There is No legal cosmetic legislation definition so it can mean whatever you want. Every single cosmetic ingredient must be of cosmetic grade for safety, efficacy and standardisation and as such, has undergone some synthetic process to achieve that.

Organic

There are dozens of ‘Organic’ certification business models, all with their own agenda. ‘Organic’ standard with one means that it isn’t ‘Organic’ with another. Organic doesn’t really mean anything when it comes to cosmetics. It’s all just smoke and mirrors.

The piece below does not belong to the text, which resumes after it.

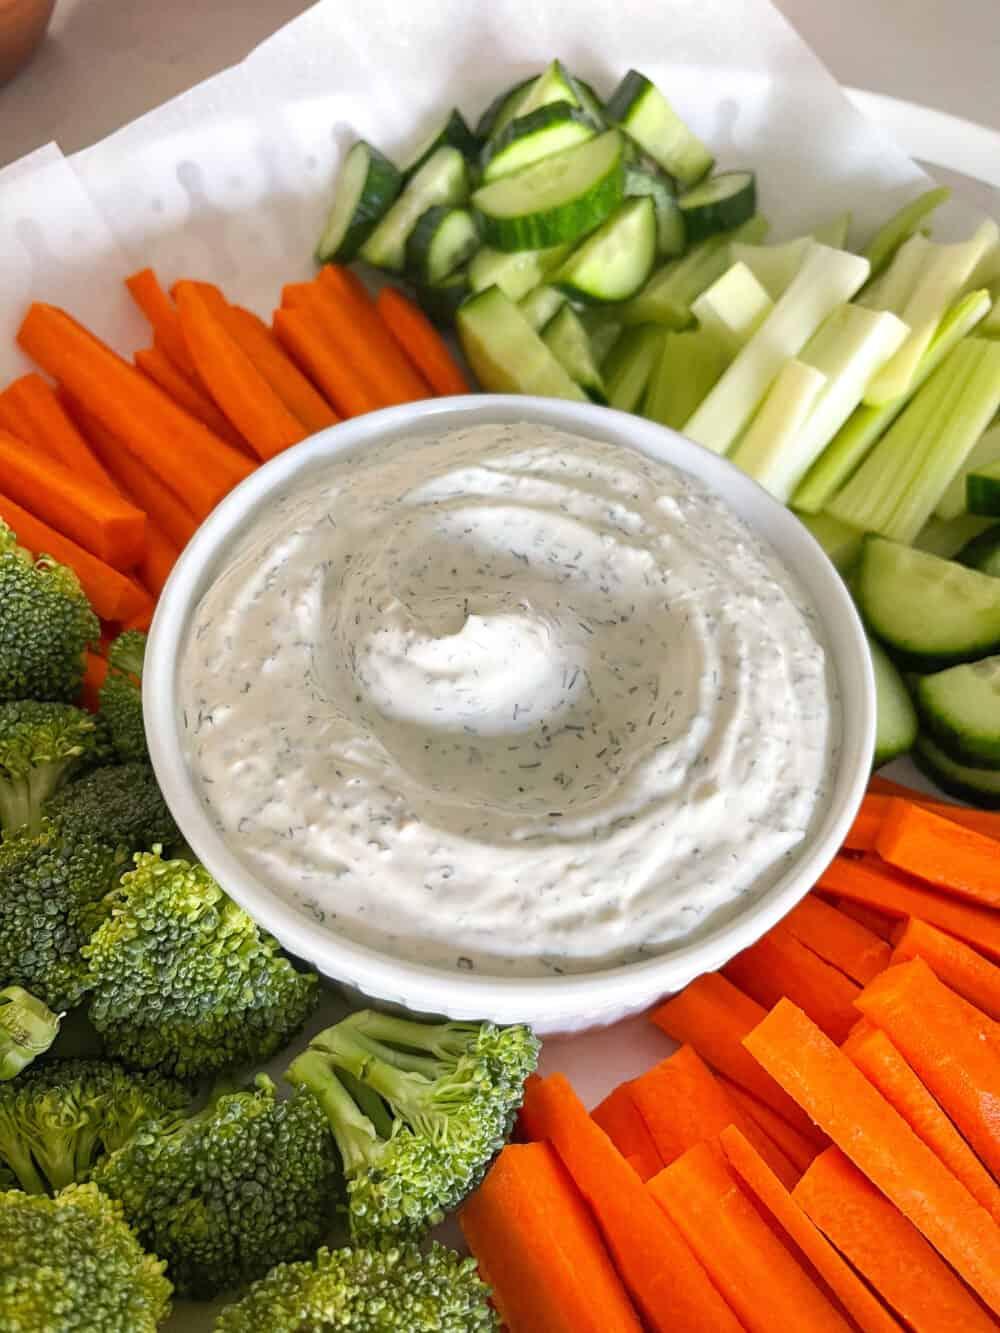 veggie dip in bowl with vegetables to dip

These commercial businesses used to focus solely on food but then saw the commercial opportunity that could be realised in broadening it to the Cosmetics industry.  Food is ingested, Cosmetics are not.  They are two very different areas.

Cruelty Free / Not Tested on Animals

Animal testing in cosmetics is banned in the UK and Europe and has been since 2009.  Cruelty free is not the same as Cruelty free International which is a certification business.  A brand claiming simply cruelty free or not tested on animals makes no sense as EVERY cosmetic product sold in the UK and Europe has reached the market without animal testing. Also, just because a brand also sells in China does not mean they have had to test on animals.

Sustainable

Ludicrous claim because by just being in existence a business has a carbon footprint. Being as sustainable as you possibly can is the goal and communicating this with the consumer is key.

Planet Friendly

No definition or meaning.  It’s simply another marketing buzzword that is associated with Sustainability.

Green

Similar to Sustainable and Planet friendly.  Meaningless.  There is a term in Chemistry that uses Green but that is to do with processes and manufacturing.

Nasties

What, like Goblins and Trolls?  This is a classic marketing word used to sum up the lack of cosmetic science education within the company’s marketing / ownership structure. Individual ingredients are singled for exclusion, like Free From. It serves no purpose and perpetuates mistrust and ignorance around cosmetic ingredients. If anyone needs to avoid a specific ingredient due to sensitivity or personal choice, the INCI list can be used to identify the individual ingredient.

 

 

Cosmetic brands and Marketing departments often use these appealing but scientifically unsupported terms. If we can shine a light on the complex and fascinating world of cosmetic science whilst understanding the regulatory framework our industry operates in, these ambiguous and misleading phrases can then be taken with a pinch of salt.